| olhDesign {DiceDesign} | R Documentation |
Nguyen's Orthogonal Latin Hypercube Designs
Description
Generate the Orthogonal Latin Hypercube (OLH) designs proposed by Nguyen in 2008. These OLHs have a latin structure, an orthogonality between the main terms and the interactions (+ squares) and low correlations between the interactions (+ squares). Very larges matrices can be obtained as the number of input variables and hence the number of lines is unconstrained. When the number of input variables is a power of 2, OLHs have d columns and n = 2d + 1 lines (experiments). A vertical truncature is applied when the number of input variables is not a power of 2. Various normalizations can be applied.
Usage
olhDesign(dimension, range = c(0, 1))
Arguments
dimension |
number of input variables |
range |
the scale (min and max) of the inputs. Ranges (0, 0) and (1, 1) are special cases and call integer ranges |
Value
A list with components:
n |
the number of lines/experiments |
dimension |
the number of columns/input variables |
design |
the design of experiments |
Author(s)
N.K. Nguyen for the algorithm.

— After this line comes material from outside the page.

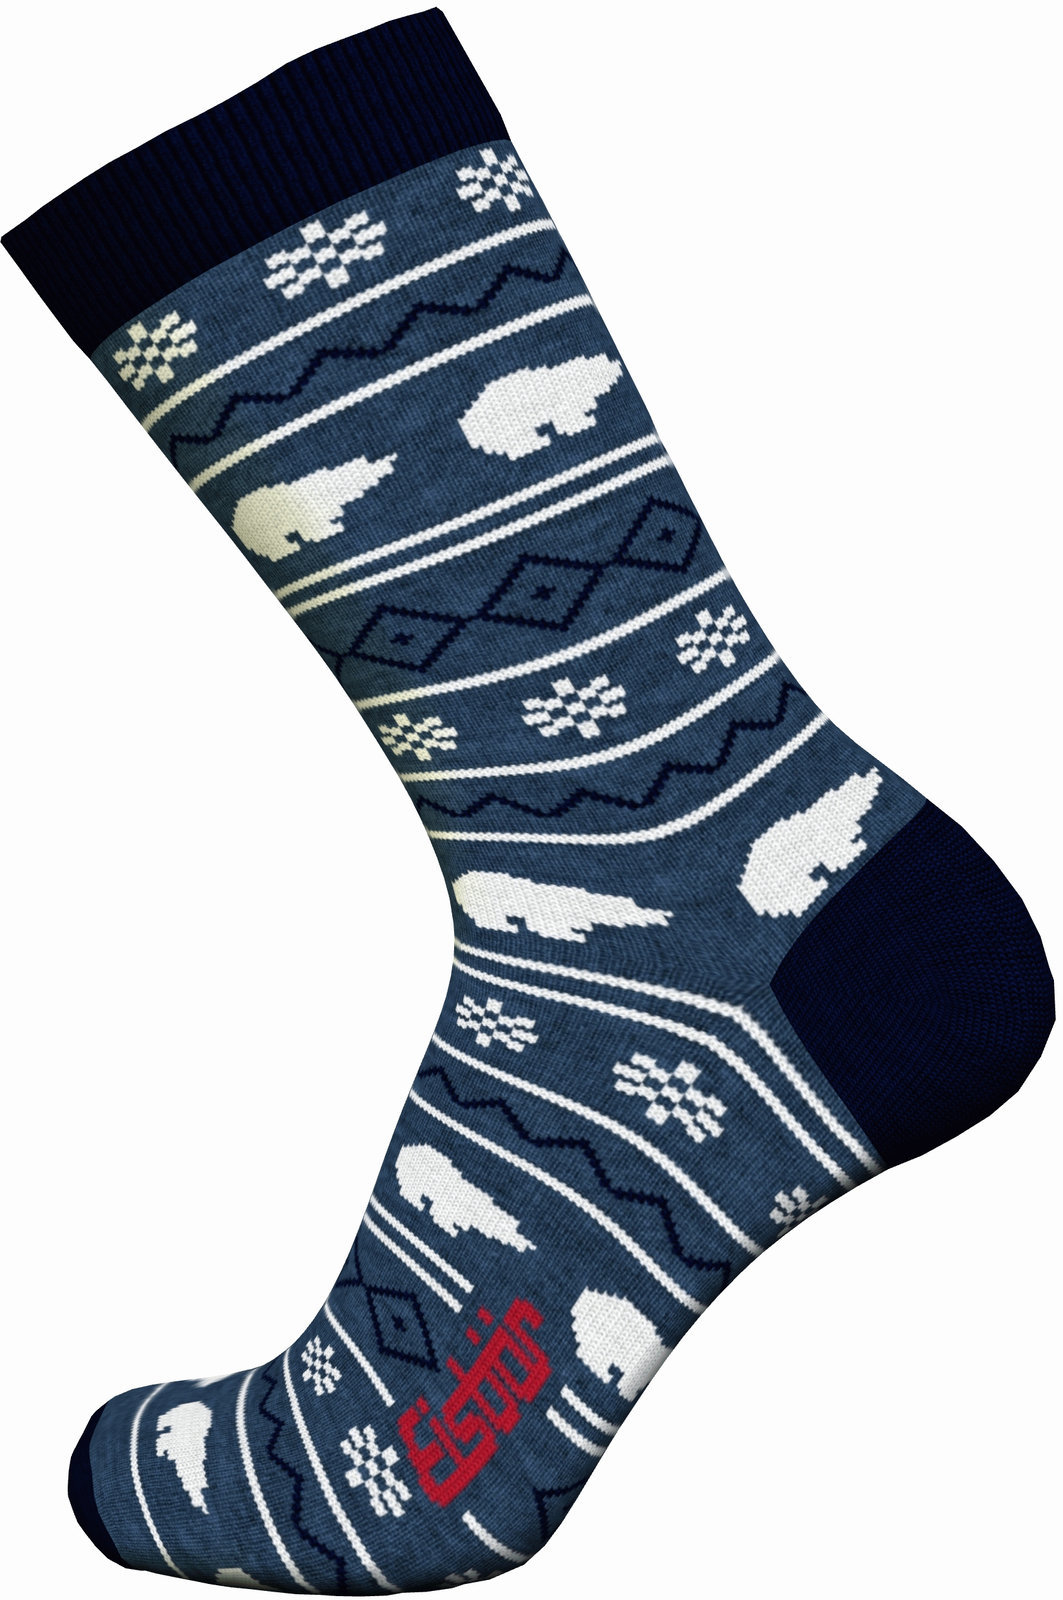 Ski Socks Eisbär Lifestyle Jacquard Avio/Navy-Grey/White 43-45 Ski Socks
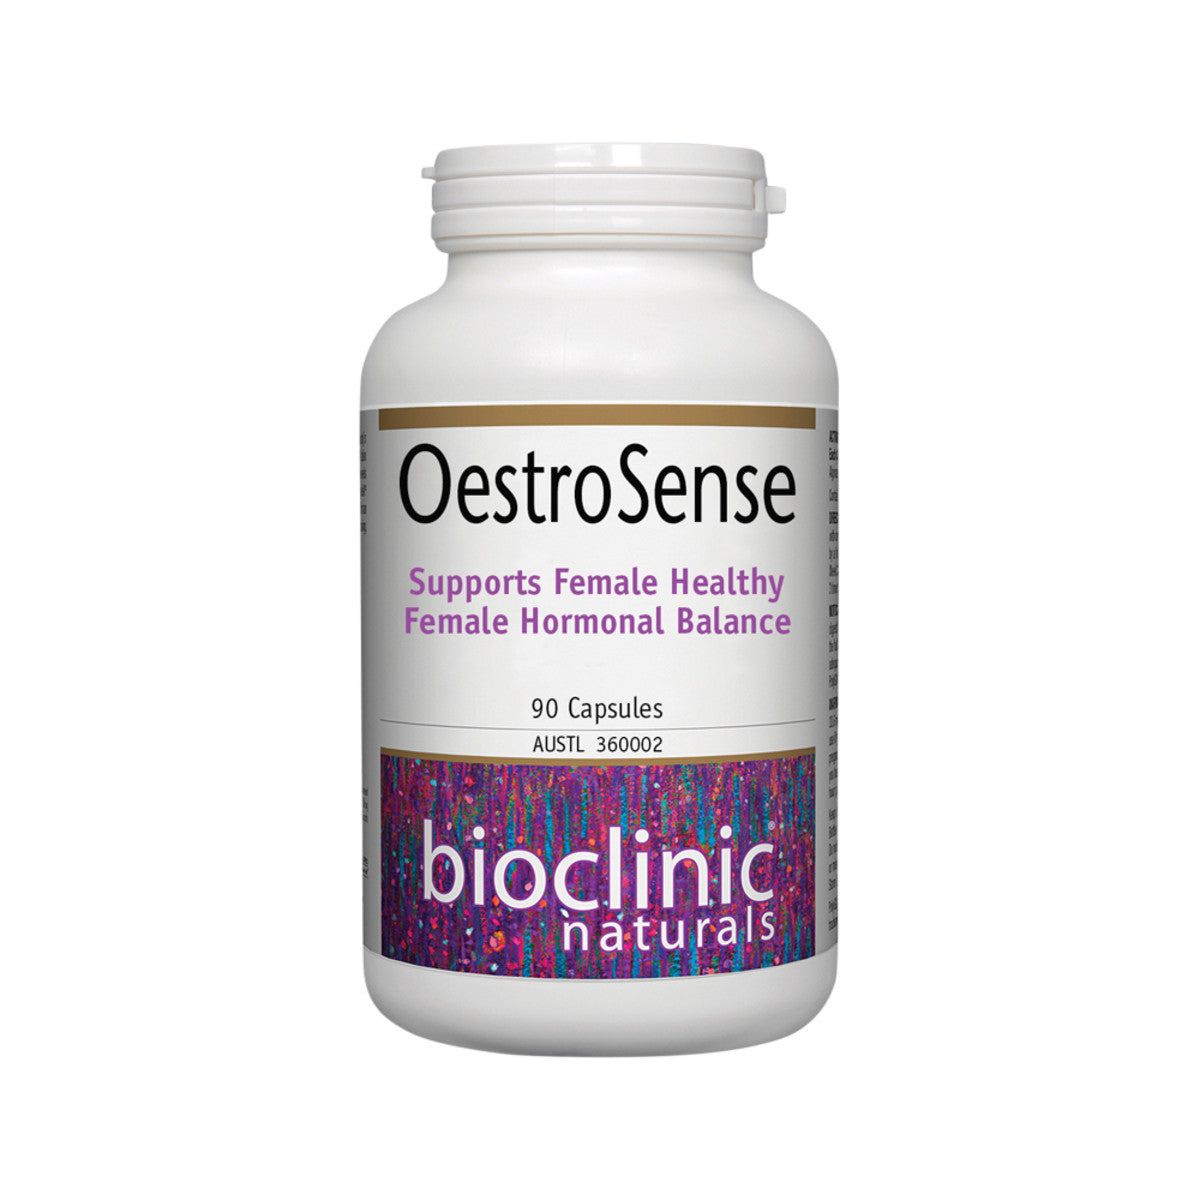 Bioclinic Naturals - OestroSense

P. Kiener for the recursive R code.
References
Nguyen N.K. (2008) A new class of orthogonal Latinhypercubes, Statistics and Applications, Volume 6, issues 1 and 2, pp.119-123.
See Also
Cioppa's and De Rainville's NOLH designs: nolhDesign, nolhdrDesign.
Examples
## Classical normalizations
olhDesign(4, range = c(0, 0))
olhDesign(4, range = c(1, 1))
olhDesign(4, range = c(0, 1))
olhDesign(4, range = c(-1, 1))
## Change the dimnames, adjust to range (-10, 10) and round to 2 digits
xDRDN(olhDesign(4), letter = "T", dgts = 2, range = c(-10, 10))
## A list of designs
lapply(1:5, function(n) olhDesign(n, range = c(-1, 1))$design)